While some health promotion activities in the workplace tend to focus on a single illness or risk factor (e.g. prevention of heart disease) or on changing personal health practices and behaviours (e.g. smoking, diet), there is a growing appreciation that there are multiple determinants of workers’ health. In addition to person-focused interventions, workforce health promotion initiatives have moved toward a more comprehensive approach, which acknowledges the combined influence of personal, environmental, organizational, community and societal factors on employee well-being. A health-promoting workplace recognizes that a healthy workforce is essential and integrates policies, systems and practices conducive to health at all levels of the organization. Rather than a series of projects, workforce health promotion is an ongoing process for improving work and health. Effective health promotion assists employers to adopt appropriate administrative procedures and workers to use safe working practices. Occupational health personnel benefit from training and education in health promotion to enable them to implement it as a part of their occupational health practice.

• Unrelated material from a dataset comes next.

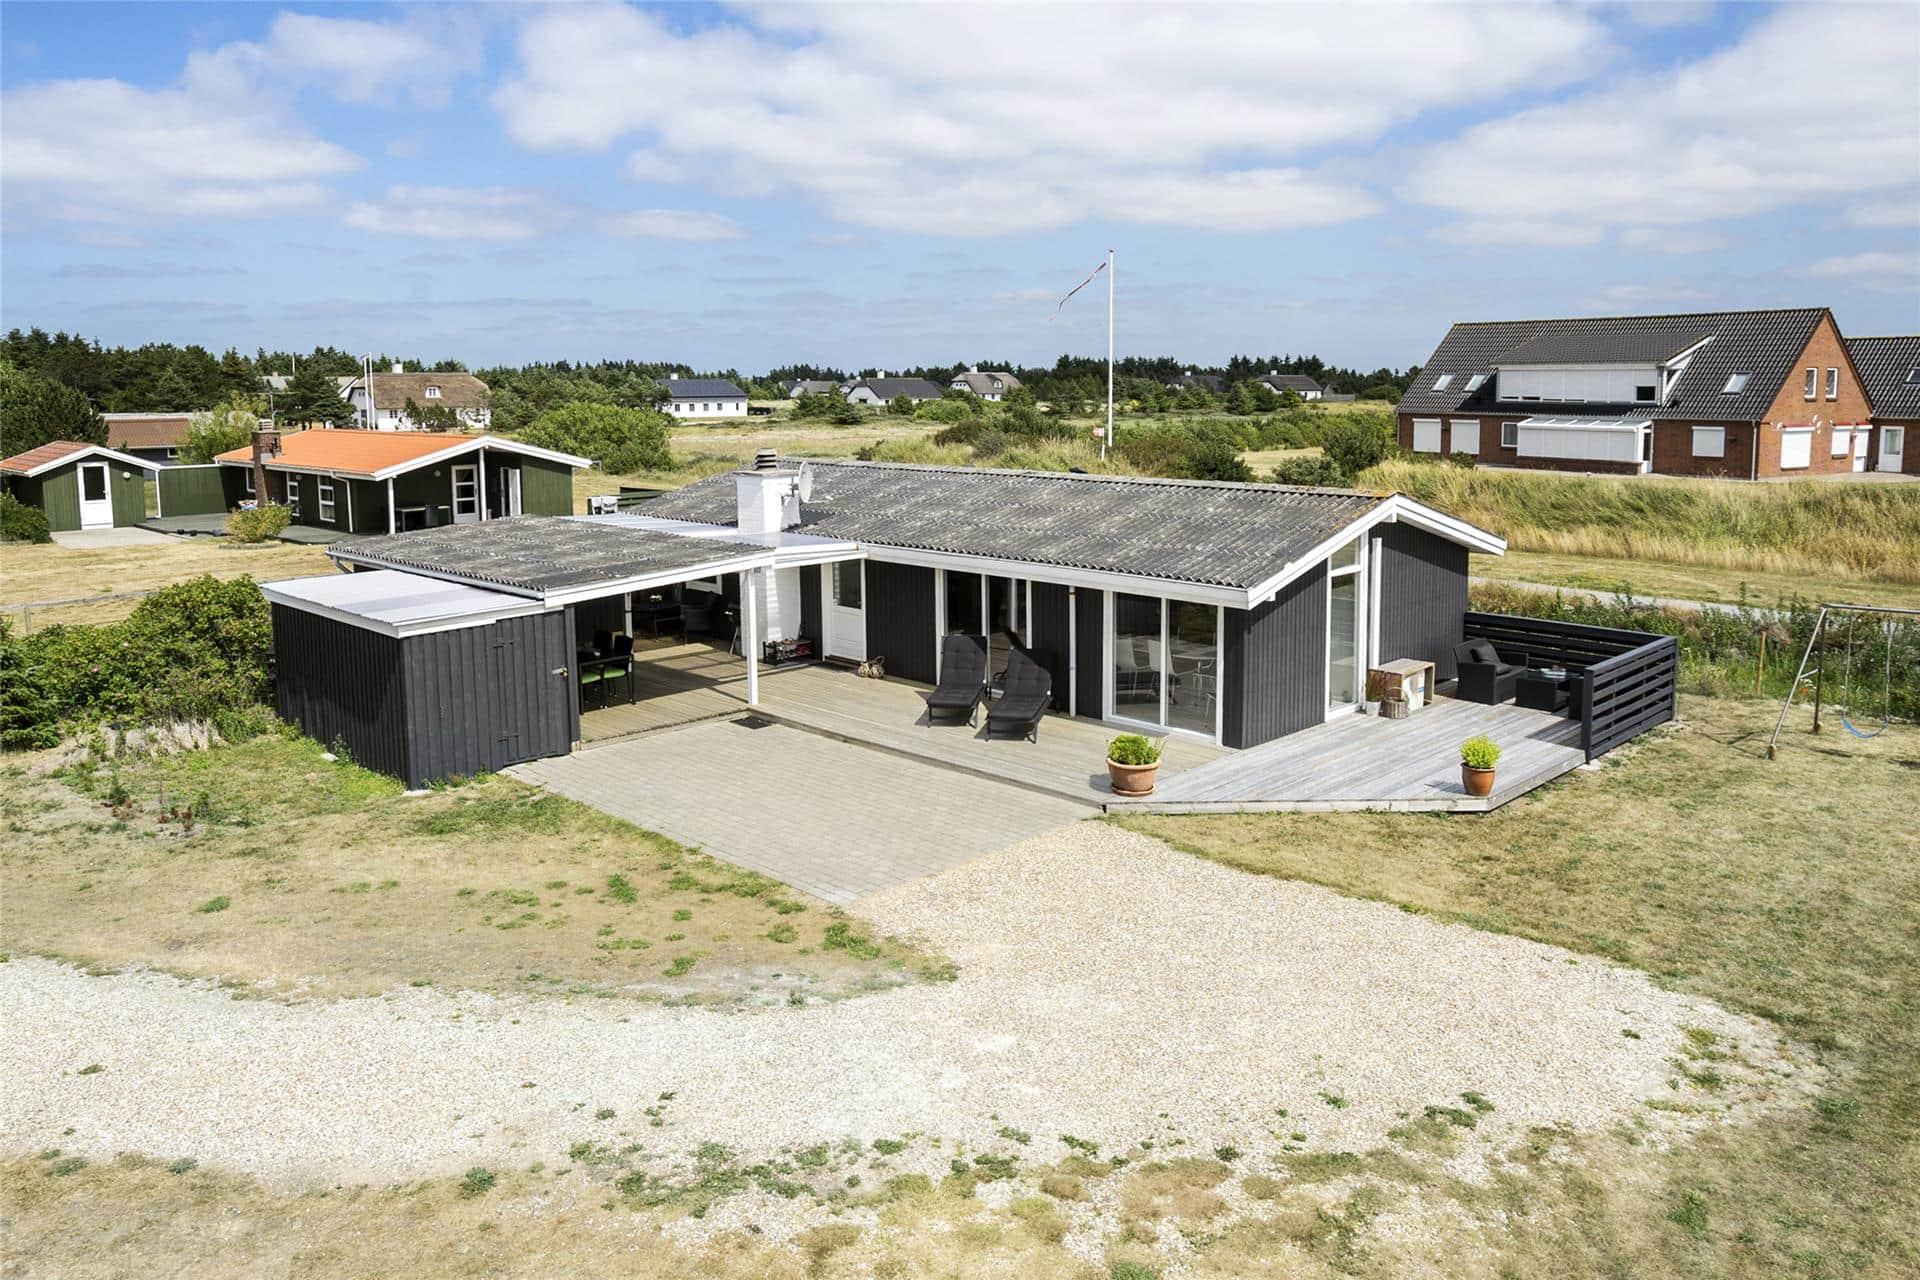 Afbeelding 1-13 Vakantiehuis 576, Klemsvej 26, DK - 7700 Thisted

Experience in workplace health promotion has shown that competitions and awards are valuable in engaging enterprises in occupational health and safety activities. Firms and enterprises achieve valuable publicity and a boost in staff morale through competing to become the most healthy and caring company.

Advocacy

Advocacy is a key health promotion activity for overcoming major barriers to public health and occupational health. The barriers addressed by advocacy are poor living and working conditions, rather than individual or behavioural barriers. The modern use of the term advocacy gained momentum from the Ottawa Charter on Health Promotion (a landmark definition of health promotion): “Political, economic, social, cultural, environmental, behavioural and biological factors can all favour health or be harmful to good health. Health promotion aims at making these conditions favourable through advocacy for health”.

Advocacy has a key role in building and maintaining occupational health programmes and is essential to shape the social and political climate. The tactics and strategies of advocacy and lobbying are not easily described in terms of programmes. This is because advocates need to adopt the same set of opportunist, responsive, imaginative, flexible, dramatic and above all newsworthy tactics that are the stuff of all successful public opinion, political and commercial campaigning.

Occupational health and safety grew up in the environment of the large factory and enterprise, and we are only now learning how to carry it out in small enterprises and the informal sector. Intermediary organizations - which may be NGO’s or private consultancies that specialise in occupational health and safety - play an important role in working with employers, self-employed workers, and sometimes directly with workers.

The Western Pacific and European Offices of WHO have been particularly successful in developing effective healthy work programmes that focus on primary prevention. In these initiatives the hazards associated with the combined effects of lifestyle factors and occupational exposures are identified and minimised. Health promotion that introduces healthy lifestyles and supports the maintenance of such lifestyles with appropriate information, counselling and educational measures is undertaken as part of the occupational health and safety programme.